CLI Magic: Transform your audio files with SoX

1503

Author: Shashank Sharma

Sound eXchange (SoX) is a command-line sound sample translator. This Swiss Army knife of sound tools can be used to convert file formats of your audio files, and to apply sound effects such as echo, fade-in/out, and chorus to jazz up your music with just a few keystrokes.

If you don’t already have SoX installed on your system, the source is available on the project page. Fedora and Debian users can get it with yum and apt-get respectively.

SoX supports more than 20 formats; for a list of supported file formats, run sox -h. Converting files is as simple as sox file.mp3 new.ogg.

SoX can work with both self-describing audio file formats and header-less data files. The self-describing formats contain a header that specifies all the characteristics of the audio file, such as audio sample rate, data size, encoding, and number of channels, and can additionally contain information such as a copyright notice or a description of the audio file. The header-less data, also known as raw data, provides no information about the audio. To determine what SoX can tell you about the file, use a command like sox filename.wav -e stat.

Basic effects

While converting between formats does come in handy at times, I use SoX primarily to apply effects to my music collection. The syntax for applying effects to self-describing formats is sox inputfile outputfile effects. Use sox OPTIONS inputfile outputfile effects if you are working with raw data, where OPTIONS describes the sample rate, number of channels, and other such characteristics. By default, SoX does not overwrite the input file with any new effects, and only one effect can be applied to a file at a time.

To remove parts from either end of an audio file, use the -trim function. This is useful when you want to remove silence from the beginning or end of a song. It accepts two values, start and length. start defines the starting point and length the duration of the file — not a position in the track. Both values are in seconds.

The trim function is a little tricky to understand. Suppose you wish to create a new file with only the first 20 seconds. sox musicfile.wav new.wav trim 0 20 would create new.wav which is just a 20-second clip from musicfile.wav. The initial zero is the start and 20 is the duration. Similarly, if you want to remove the first 20 seconds of a file and keep the rest, use the command sox musicfile.wav newfile.wav 20 740. Here 20 is the start point and 740 is the original length minus the first 20 seconds. You can determine the length of the track with sox filename.wav -e stat.
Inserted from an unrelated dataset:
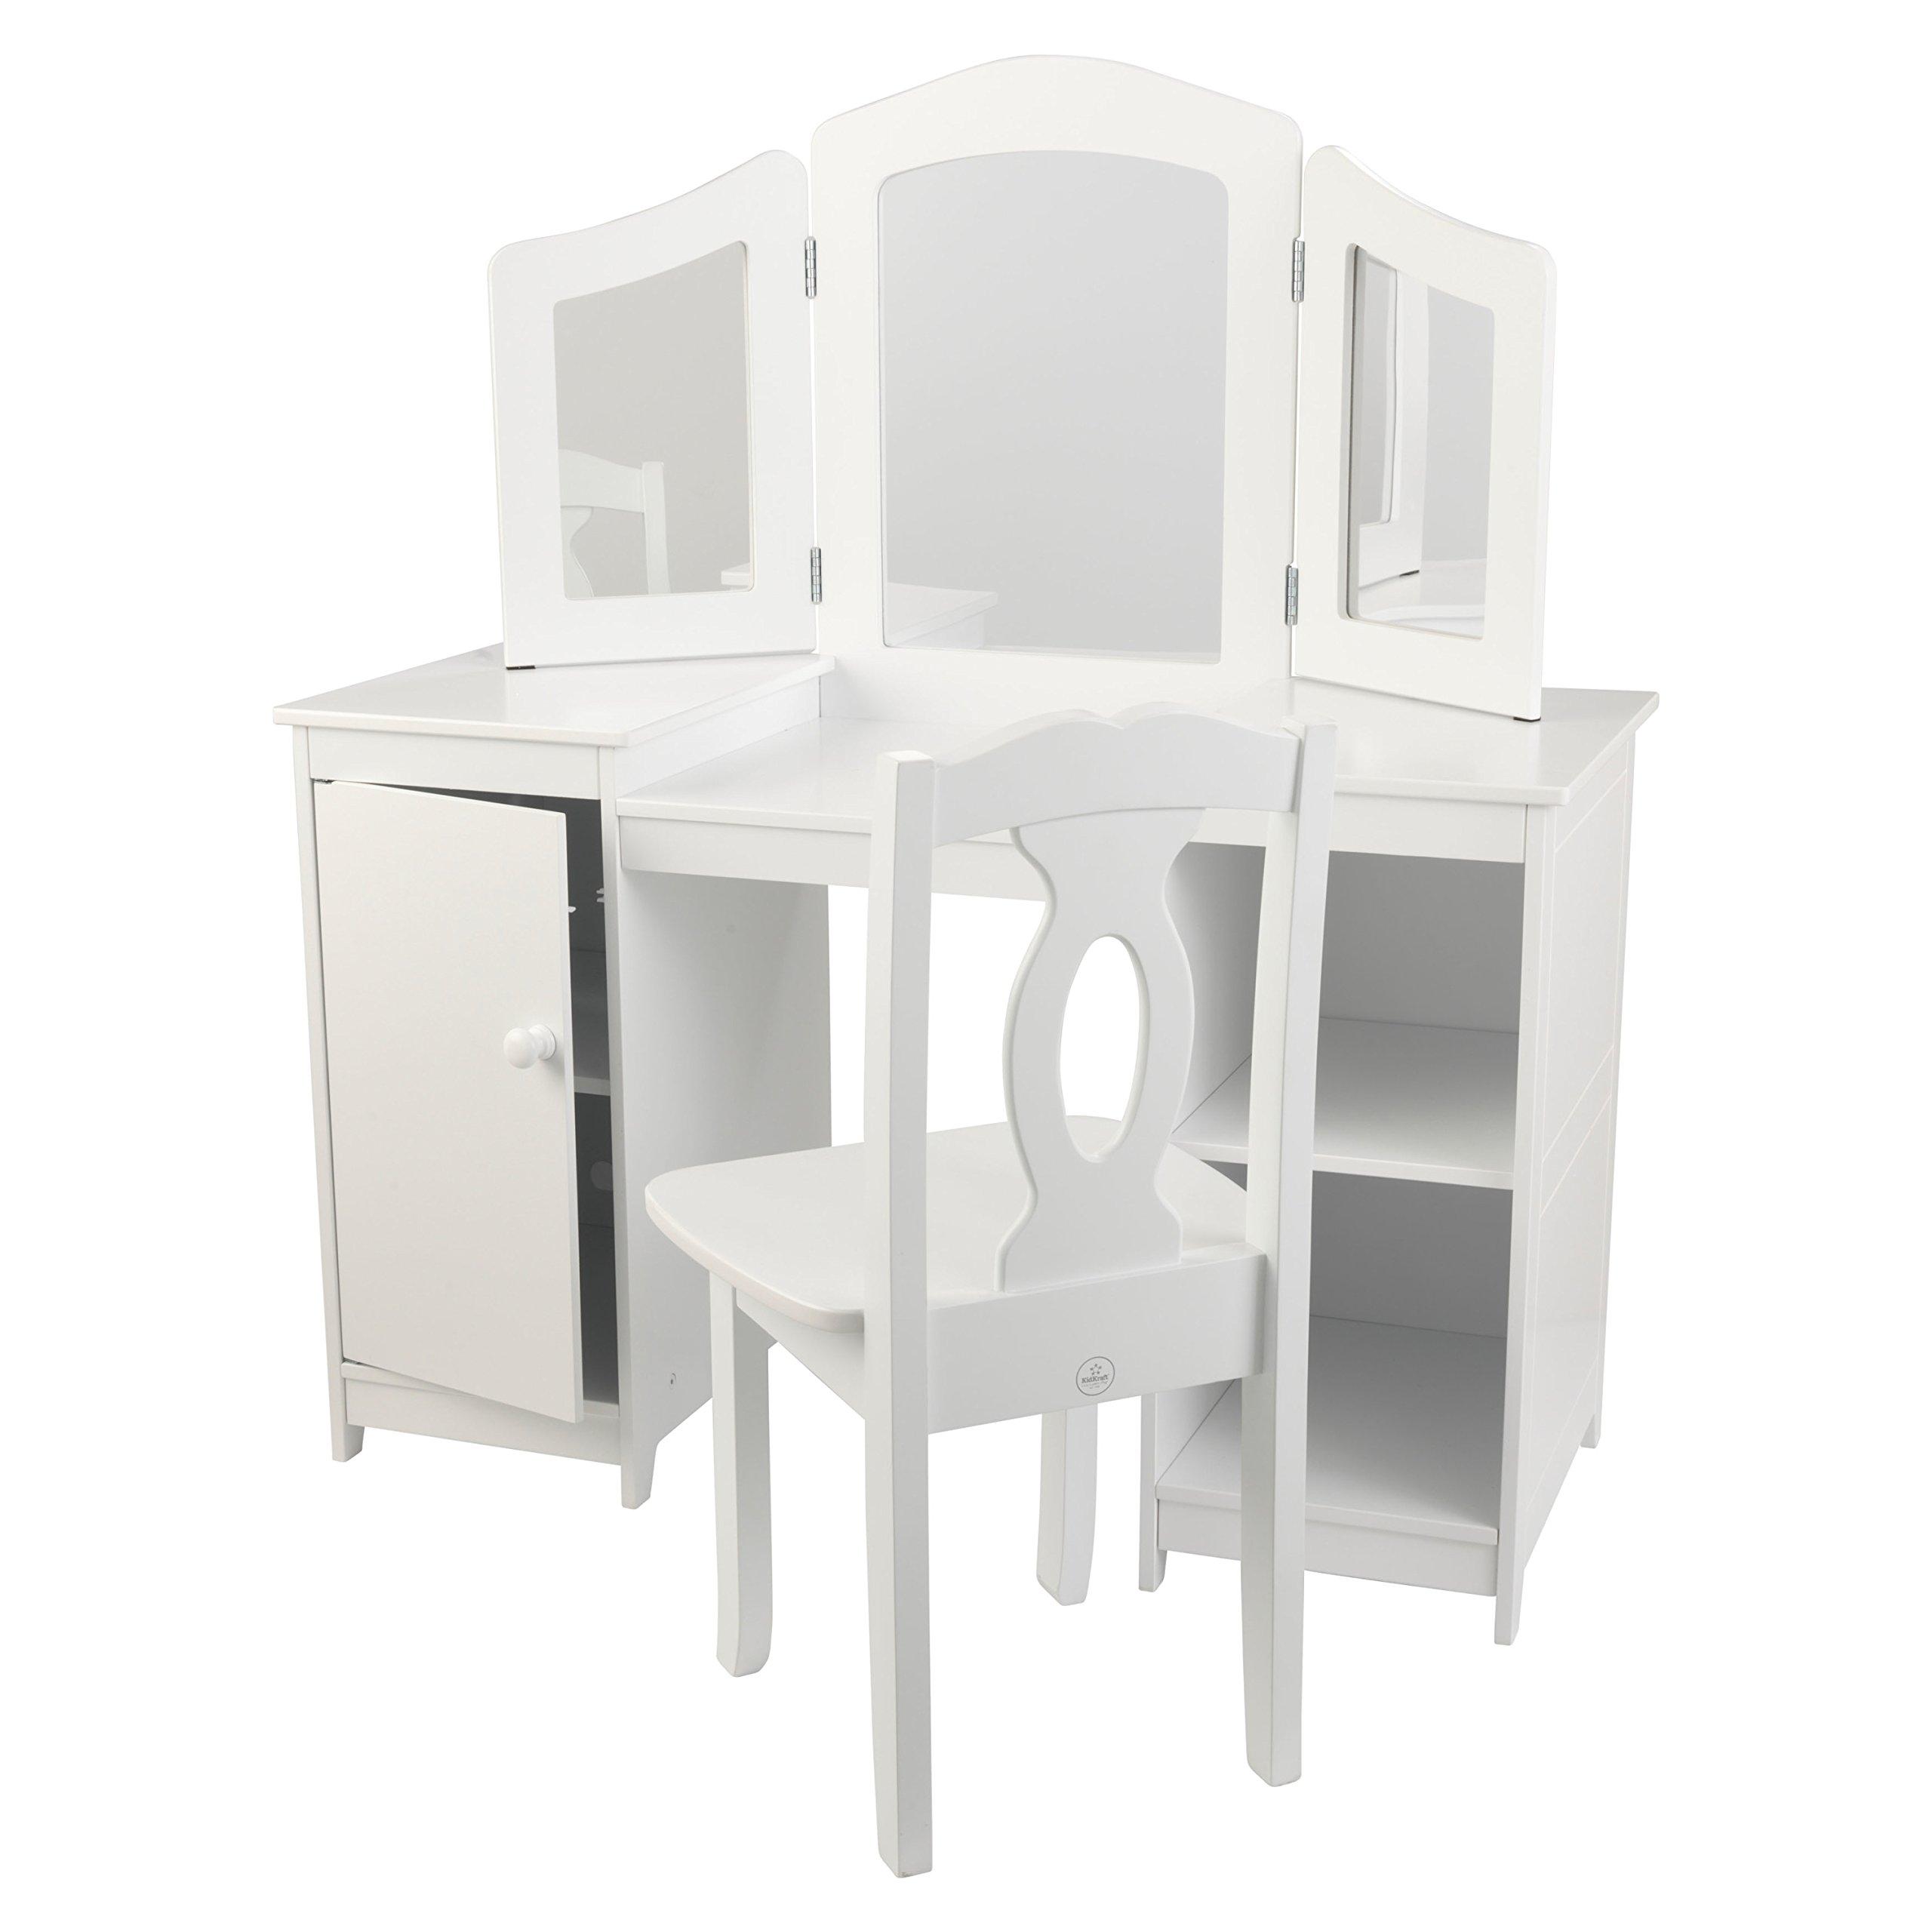 KidKraft Deluxe Vanity & Chair Toy by KidKraft (Image #3)

You can add a fade-in or -out effect to a song. The former increases the volume from zero to maximum slowly over a few seconds while the latter decreases the volume before the song ends. You need to know the length of the track to apply a fade-out effect.

The syntax in the man page, fade fade-in-length [ stop-time [ fade-out-length ] ], is a little hard to interpret. Fade-in/out effects can be applied to a file simultaneously. So, sox song.mp3 faded.mp3 fade 5 240 8 creates a fade-in/out effect, where volume increases from zero to maximum in 5 seconds. 240 is the stop time or the total length of the file and 8 is the fade-out length. You don’t need the second and the last value if you only want a fade-in effect. Similarly, setting the first value to zero would create only a fade-out effect.

Other effects

I find it amusing to play with the volume knob, raising and lowering the volume, whenever a friend is driving me someplace. You can get the same effect with vibro, which uses a sine wave as the volume knob. sox sound.wav trouble.wav vibro speeddepth creates the effect. Speed is the value of the wave in Hz — it cannot be more than 30 — and depth is the volume level that the sine wave cuts. The default depth is 0.5 and maximum is 1.0.
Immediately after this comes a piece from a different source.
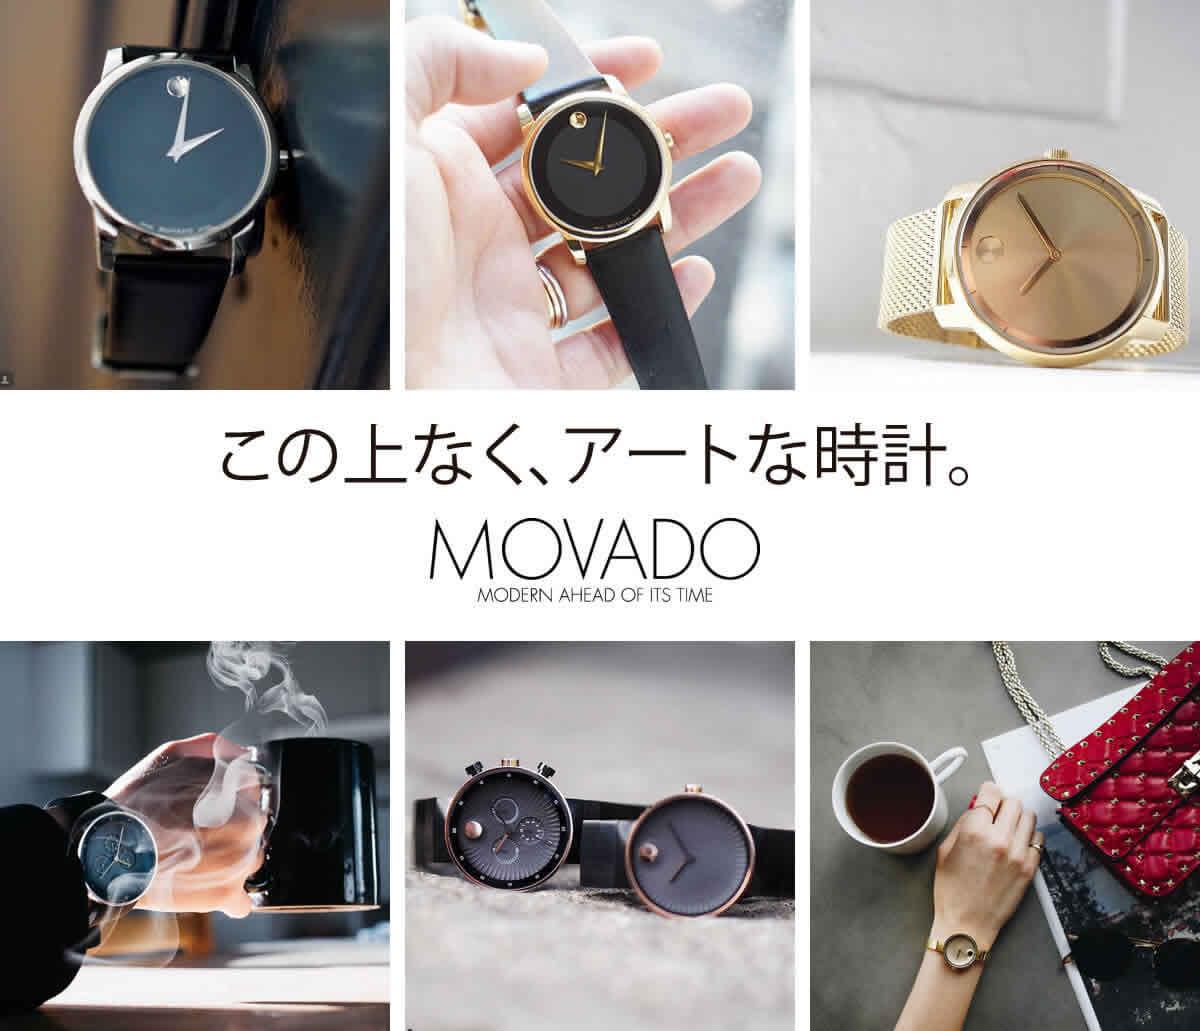 MOVADO モバード  この上なく、アートな時計。

To speed up or slow down the sound of a file, use speed to modify the pitch and the duration of the file. sox audio.wav new.wav speed factor raises the speed and reduces the time. The default factor, 1.0, makes no change to the audio, while a 3.0 factor would reduce the time to a third and triple the pitch. To change only the pitch of a file without altering its duration, you should use pitch.

Effects like chorus, echo, and phaser require mostly the same options. You need to specify gain-in, gain-out, delay, and decay, and some other options. For example, to apply an echo effect, run sox file.wav withecho.wav echo gain-in gain-out delay decay. The gain-in and gain-out are volume levels, and delay and decay are specified in milliseconds. Using longer delays will give you an “open air concert in the mountains” effect. Sadly, these effects cannot be used on an MP3 file as they provide no encoding support.

Conclusion

While not as sophisticated as Audacity, SoX has its own advantages. The various effects and their option require some getting used to, but once you read the man page, you are pretty much put on track. You’ll need to experiment a little with the delay/decay, fade-in/out, etc., and this is when soxexam, a SoX examples utility, comes handy. Run man soxexam for detailed examples that explain the various options of several effects.

Shashank Sharma is studying for a degree in computer science. He specializes in writing about free and open source software for new users.